▶ [What to work on] Which lines of the entries below run from the one holding "Cartier カルティエ Wb" to the one holding "młodych dorosłych w", inclusive? Set down exactly those lines and no others.

▶ [Records provided]
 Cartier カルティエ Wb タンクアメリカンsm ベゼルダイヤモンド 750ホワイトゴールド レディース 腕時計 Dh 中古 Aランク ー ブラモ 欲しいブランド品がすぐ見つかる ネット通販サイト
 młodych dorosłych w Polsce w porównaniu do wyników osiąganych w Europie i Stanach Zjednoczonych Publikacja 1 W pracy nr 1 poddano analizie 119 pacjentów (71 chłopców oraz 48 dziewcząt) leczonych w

---

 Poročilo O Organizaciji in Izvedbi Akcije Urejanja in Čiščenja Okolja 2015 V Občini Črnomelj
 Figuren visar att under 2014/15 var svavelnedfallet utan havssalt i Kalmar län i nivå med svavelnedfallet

* * *

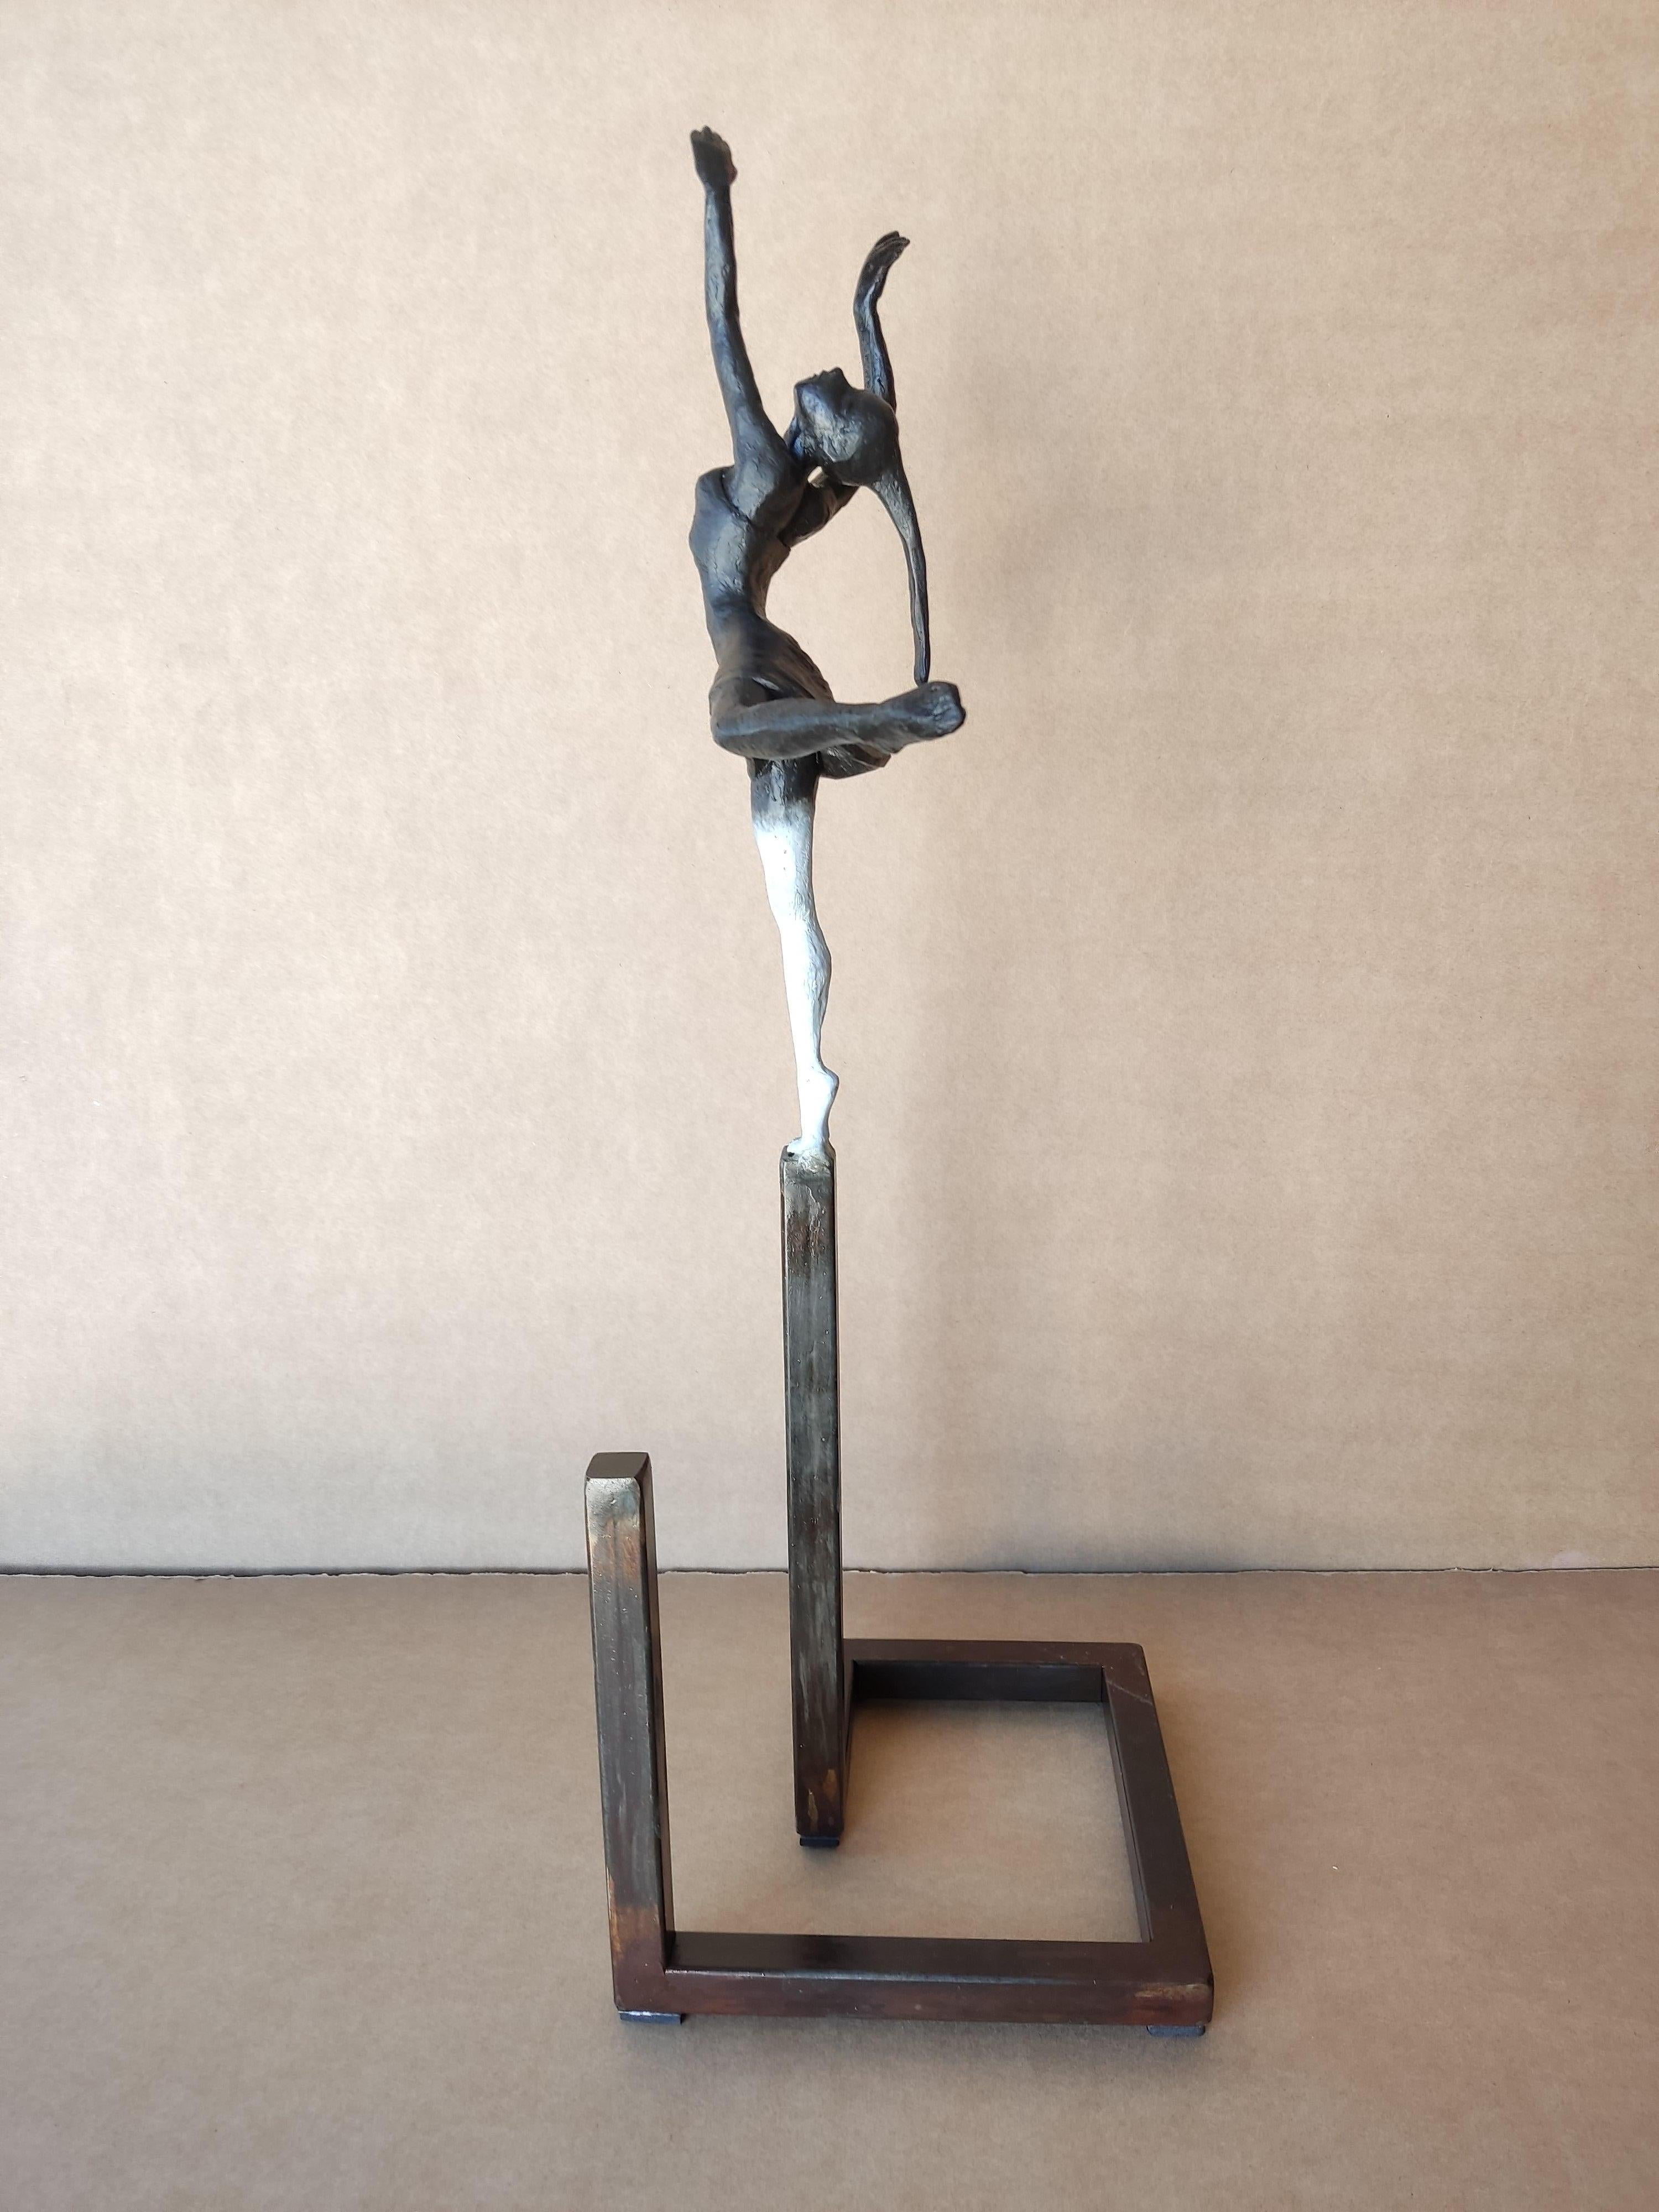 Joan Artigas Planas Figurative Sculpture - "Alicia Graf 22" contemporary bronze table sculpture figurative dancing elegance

▶ [Response to the task]
 Cartier カルティエ Wb タンクアメリカンsm ベゼルダイヤモンド 750ホワイトゴールド レディース 腕時計 Dh 中古 Aランク ー ブラモ 欲しいブランド品がすぐ見つかる ネット通販サイト
 młodych dorosłych w Polsce w porównaniu do wyników osiąganych w Europie i Stanach Zjednoczonych Publikacja 1 W pracy nr 1 poddano analizie 119 pacjentów (71 chłopców oraz 48 dziewcząt) leczonych w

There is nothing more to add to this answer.